說清楚這一點,這個企劃是關於我在里斯本的生活以及我在那裡度過的那一年。 當我與大自然連結在一起,和孩子們一起玩耍,聽到他們的笑聲,這裡是帶給我快樂的地方。


 

在生命中的一天

 Just one day out of life

摘譯自Vogue Italia訪談於2018年8月號.
Vogue Italia Interview Aug/2018.

 

        跳脫主流框架並以一支支膾炙人口的經典 MV 闖出知名度的樂壇天后瑪丹娜 Madonna 在迎來她的 60 歲生日(2018 年 8 月 16 日)之前,以一身絕美且歲月不催的姿態登上了義大利版《Vogue》封面,《Vogue》更獨家採訪到了瑪丹娜在成為一位足球員母親後人生及心路上的轉折變化,一起來看看吧。

是什麼原因促使妳離開紐約

丹娜: 是足球,我兒子 David(在今年 9 月 24 日就要 13 歲了)早在幾年前就想成為一名專業足球運動員,我非常想讓他進到最好的學校、接受最好的教練培訓,但在了解到美國的足球培訓水準相較於其他國家來說低了些之後,我感受到兒子對此事所感受到的挫折,同時也覺得,現在是個好時機讓我們做出些改變,而我也剛好想離開美國一會兒,因為你知道的,現在不是美國的黃金時期。 我在倫敦住了10年。

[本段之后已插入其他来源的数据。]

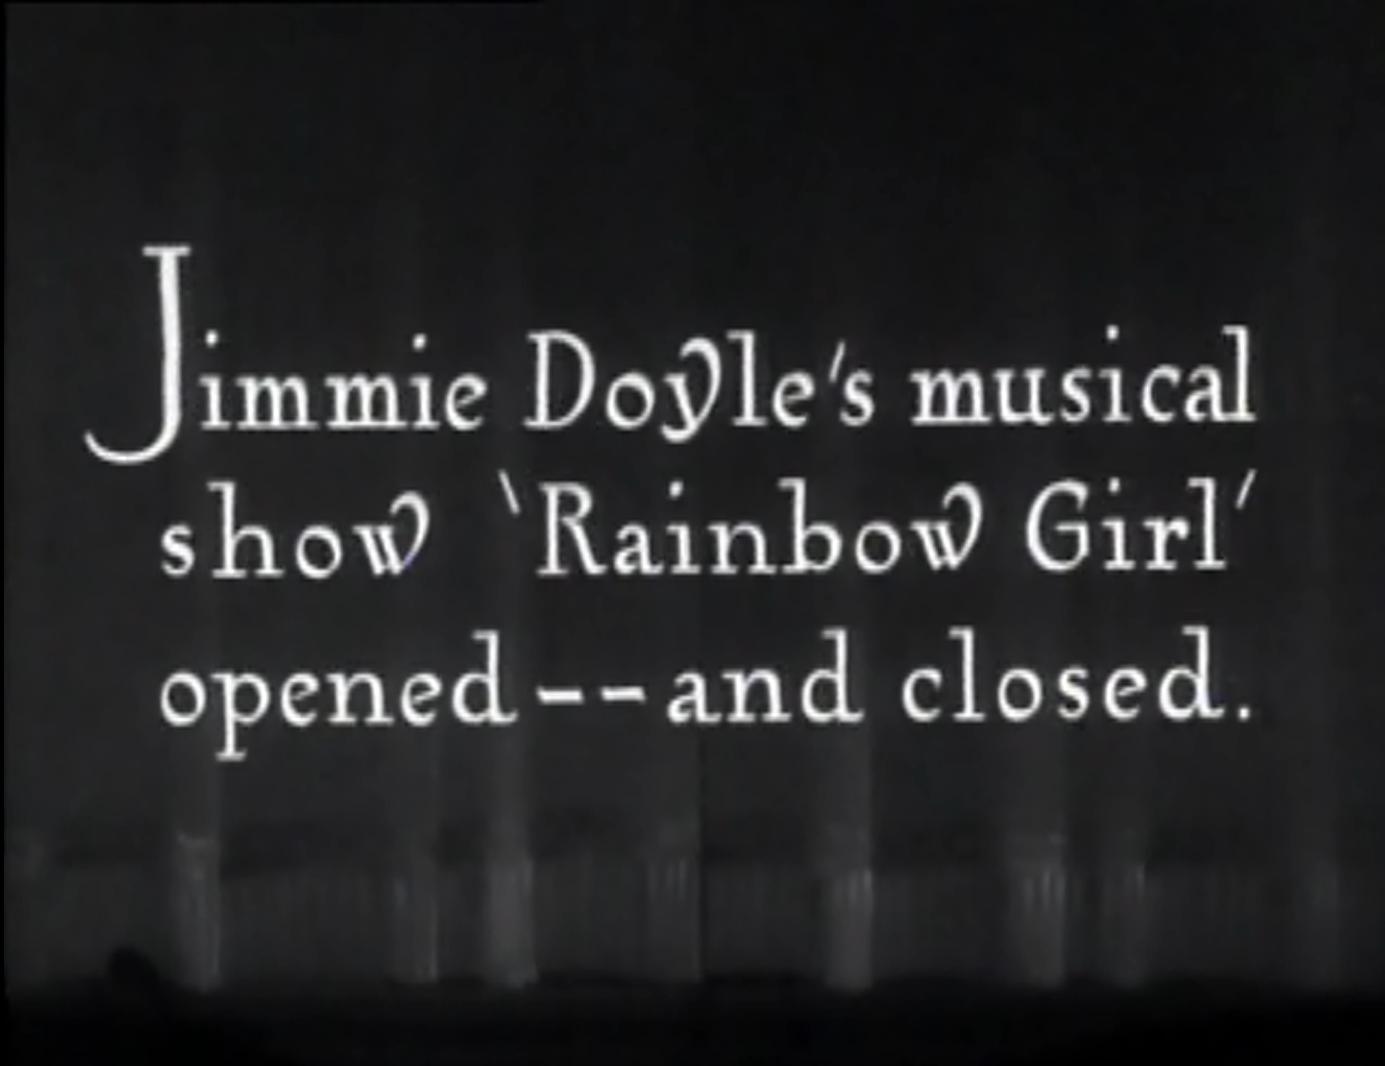 showgirlinhollywood2

我喜歡讓自己去探索不熟悉的地方。

妳是如何決定在里斯本定居的

丹娜: 實際上是在三個不同的城市之間有足球學院。我想,讓我看看我是否可以在其他地方生活一年,並將我的四個最小的孩子放在不同的環境中,因為我認為讓他們接觸不同的文化並生活在不同的地方也很重要。它位於里斯本的都靈,巴塞羅那和本菲卡之間。我去了所有這些地方並試圖想像自己住在那裡。當然,巴塞羅那是一個超級有趣的城市,我也喜歡都靈,但都靈並不是真正的兒童城市。這是知識分子的城市; 他們擁有令人難以置信的博物館和美麗的家園,但我認為這對他們來說並不好玩。我必須考慮到每個人,而不僅僅是對大衛來說這是一個好學院。所以我去了里斯本,這似乎是最好的全能選擇。我到達那裡時做的第一件事是去辛特拉。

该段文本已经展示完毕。